Convert a time series to an MNE Raw object.

Parameters:
  • alpha (np.ndarray) – Time series containing raw data. Shape must be (n_samples, n_modes).

  • raw (mne.io.Raw or str) – Raw object to extract info from. If a str is passed, it must be the path to a fif file containing the Raw object.

  • ch_names (list, optional) – Name for each channel. Defaults to alpha_0, ..., alpha_{n_modes-1}.

  • n_embeddings (int, optional) – Number of embeddings that was used to prepare time-delay embedded training data.

  • n_window (int, optional) – Number of samples used to smooth amplitude envelope data.

  • extra_chans (str or list of str, optional) – Extra channel types to add to the Raw object.

  • verbose (bool, optional) – Should we print a verbose?

Returns:

alpha_rawMNE Raw object for alpha.

Return type:

mne.io.Raw

osl_dynamics.inference.modes.reweight_alphas(alpha, covs)[source]#

Re-weight mixing coefficients to account for the magnitude of the mode covariances.

Parameters:
  • alpha (list of np.ndarray or np.ndarray) – Raw mixing coefficients. Shape must be (n_sessions, n_samples, n_modes) or (n_samples, n_modes).

  • covs (np.ndarray) – Mode covariances. Shape must be (n_modes, n_channels, n_channels).

Returns:

reweighted_alpha – Re-weighted mixing coefficients.

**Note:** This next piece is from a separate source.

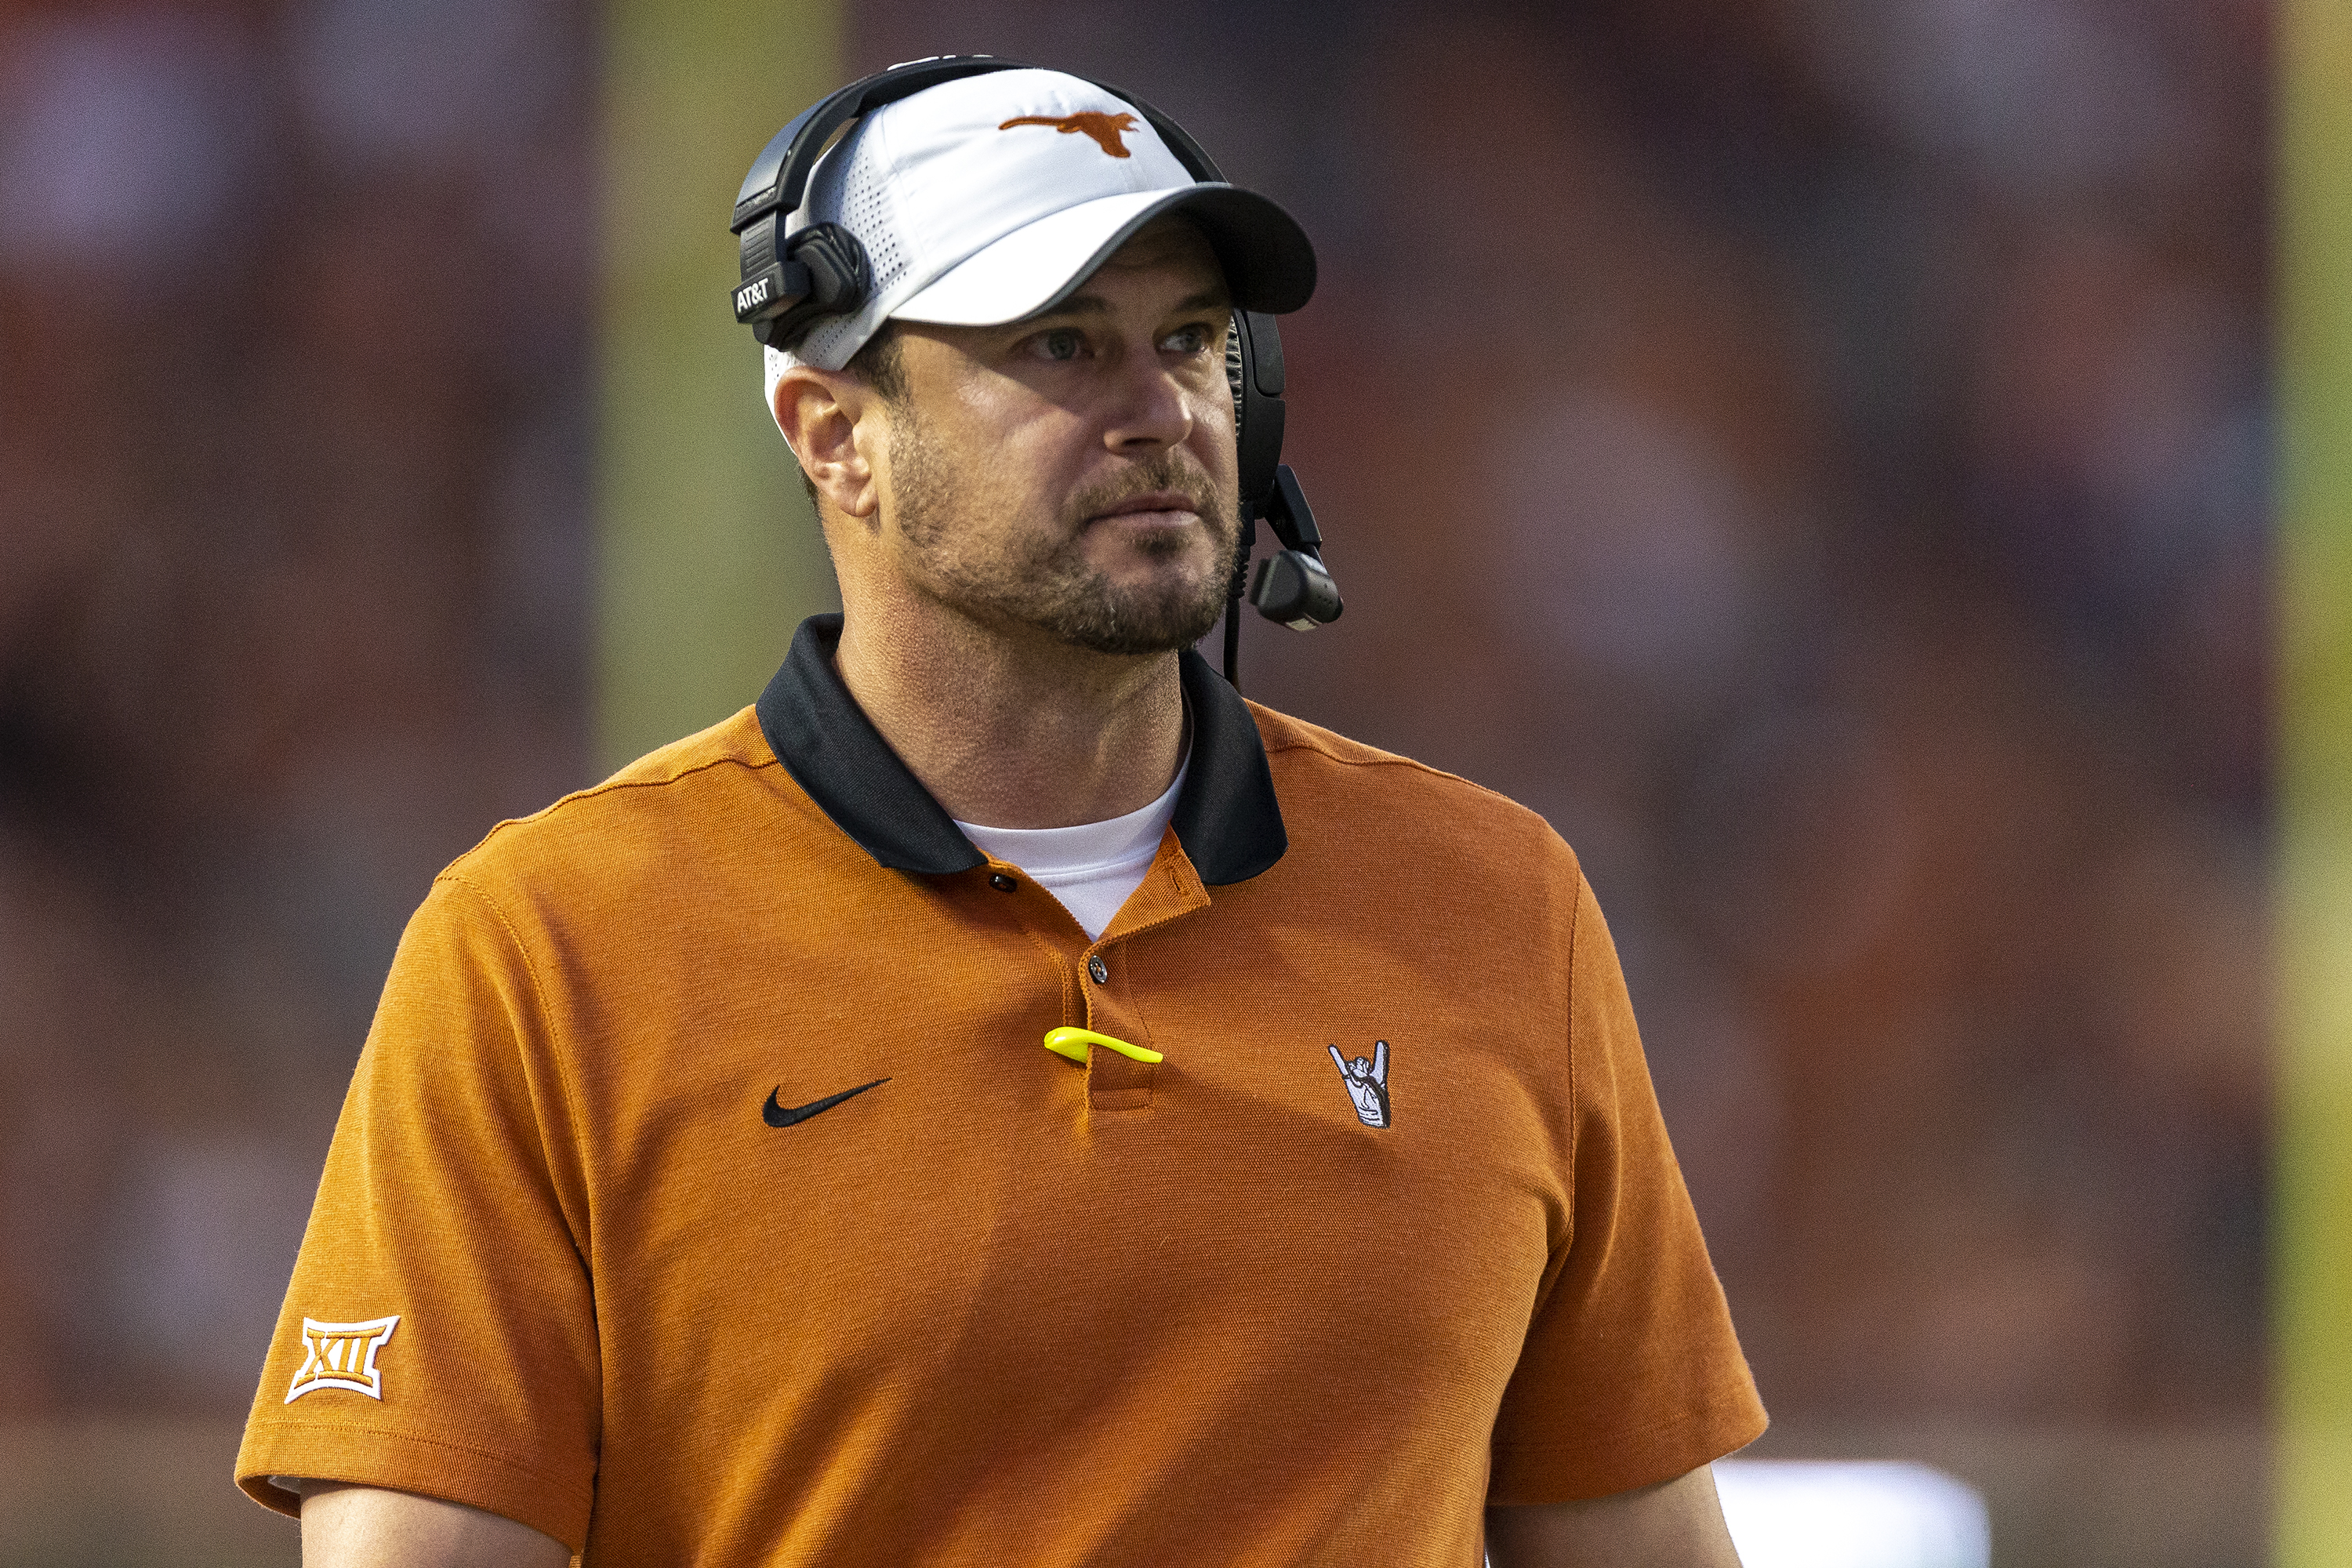 LISTEN: Tom Herman and the Longhorns speak to the media after defeating Utah in the Alamo Bowl

Shape is the same as alpha.

Return type:

list of np.ndarray or np.ndarray

osl_dynamics.inference.modes.reweight_mtc(mtc, params, params_type)[source]#

Re-weight mixing coefficients to account for the magnitude of observation model parameters.

Parameters:
  • mtc (List[np.ndarray] or np.ndarray) – Raw mixing coefficients. Shape must be (n_sessions, n_samples, n_modes) or (n_samples, n_modes).

  • params (np.ndarray) – Observation model parameters. Shape must be (n_modes, n_channels, n_channels).

  • params_type (str) – Observation model parameters type. Either ‘covariance’ or ‘correlation’.

Returns:

reweighted_mtc – Re-weighted mixing coefficients. Shape is the same as mtc.

Return type:

List[np.ndarray]

osl_dynamics.inference.modes.average_runs(alpha, n_clusters=None, return_cluster_info=False)[source]#

Average the state probabilities from different runs using hierarchical clustering.

Parameters:
  • alpha (list of list of np.ndarray or list of np.ndarray) – State probabilities. Shape must be (n_runs, n_sessions, n_samples, n_states) or (n_runs, n_samples, n_states).

  • n_clusters (int, optional) – Number of clusters to fit. Defaults to the largest number of states in alpha.

  • return_cluster_info (bool, optional) – Should we return information describing the clustering?

Returns:

  • average_alpha (list of np.ndarray or np.ndarray) – State probabilities averaged over runs. Shape is (n_sessions, n_states).

  • cluster_info (dict) – Clustering info. Only returned if return_cluster_info=True. This is a dictionary with keys 'correlation', 'dissimiarity', 'ids' and 'linkage'.

See also

S. Alonso and D. Vidaurre, “Towards stability of dynamic FC estimates in neuroimaging and electrophysiology: solutions and limits” bioRxiv (2023): 2023-01.